To premeditate means to adopt a specific intent to kill, and that is what distinguishes first and second degree murder. The intent to kill must come into existence at some time before the killing; it need not exist for any particular length of time.
Remington v. Commonwealth, 262 Va. 333, 352, 551 S.E.2d 620, 632 (2001) (citations and quotation marks omitted).
In deciding [whether premeditation and deliberation exist], the jury may properly consider the brutality of the attack, and whether more than one blow was struck, the disparity in size and strength between the defendant and the victim, the concealment of the victim’s body, and the defendant’s lack of remorse and efforts to avoid detection.
Epperly v. Commonwealth, 224 Va. 214, 232, 294 S.E.2d 882, 892 (1982) (citations omitted). Viewing the evidence in the light most favorable to the Commonwealth, there was sufficient evidence for the jury to find that Avent committed premeditated, first-degree murder.
Avent entered William’s house only after Thomas had entered through a window, and he did so carrying a concealed, sawed-off shotgun. Following a skirmish on the first floor, Avent gave several different reasons for following William upstairs, among them Avent’s anger towards William. Once upstairs, Avent shot and then brutally bludgeoned an unarmed William to the point that William’s skull collapsed. Avent used such violent force that afterward he was “leaning up against the wall and [his] head was hurting” and the gun was broken into pieces.
Following the assault, Avent and Thomas tried to conceal William’s death by cleaning up blood, hiding or discarding evidence, dragging William’s body to an out-building and covering it, then fleeing to a remote settlement on the Navajo Reservation in Arizona. When he was interviewed in Arizona, Avent “showed no emotion” and “did not ask anything about the Thomas family.” Despite Avent’s claims that William attacked him, no witness that saw Avent following the alleged attack was able to identify any injuries to him.
The record reveals a brutal attack where, after the victim was shot, more than one blow was struck, and the defendant attempted to conceal the crime and avoid detection, and expressed no remorse for the killing. Accordingly, there was ample evidence to support the jury’s finding of premeditated killing in the first degree.
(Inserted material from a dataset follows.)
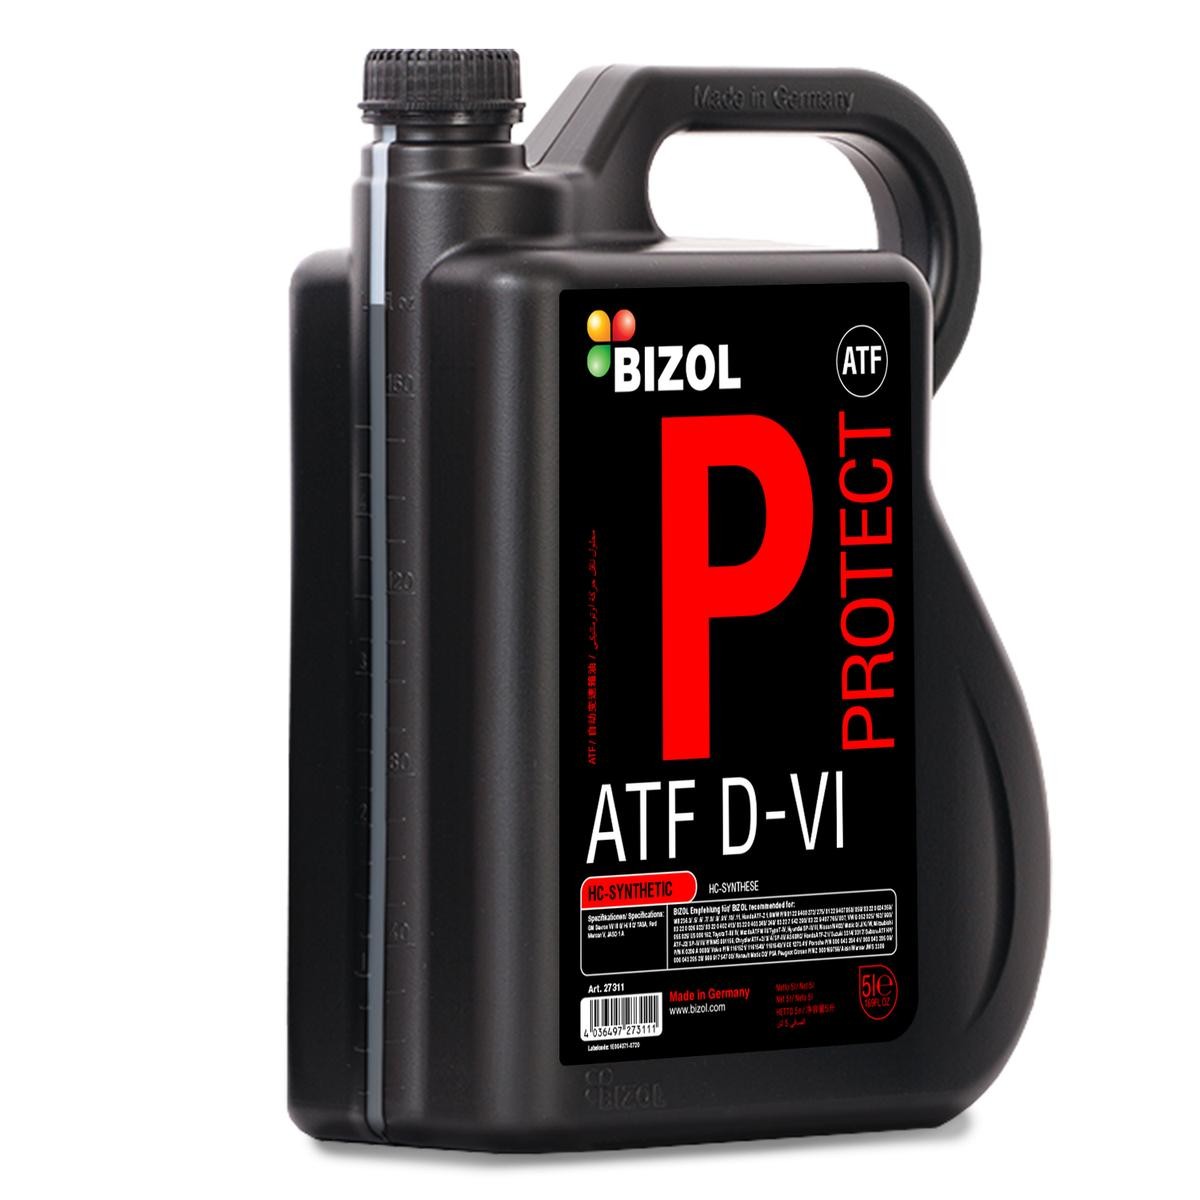 BIZOL Protect ATF D-VI 27311 Automatic transmission fluid 00004320528

Therefore, the trial court did not err when it denied Avent’s motion to set aside the verdict on the grounds that there was insufficient evidence to support a finding of premeditation.
For the foregoing reasons, we will affirm the judgment of the Court of Appeals.
1. Avent was tried separately from Meloni Thomas (“Thomas”), who was also charged and convicted for her participation in the crimes. See Thomas v. Commonwealth, 279 Va. 131, 688 S.E.2d 220 (2010) (this day decided). Neither Avent nor Thomas testified at the other’s trial. As a result, the evidentiary records in the two trials are inconsistent.
2. Captain Kent Washburn was referred to in the Thomas and Avent records as both “Captain Washburn” and “Lieutenant Washburn.” For the purpose of consistency, we will refer to him as “Captain Washburn” in both this opinion and in Thomas v. Commonwealth, 279 Va. 131, 688 S.E.2d 220 (2010) (this day decided).
3. Neither the transcript of the audio recording nor the recording itself were made a part of the record in this appeal.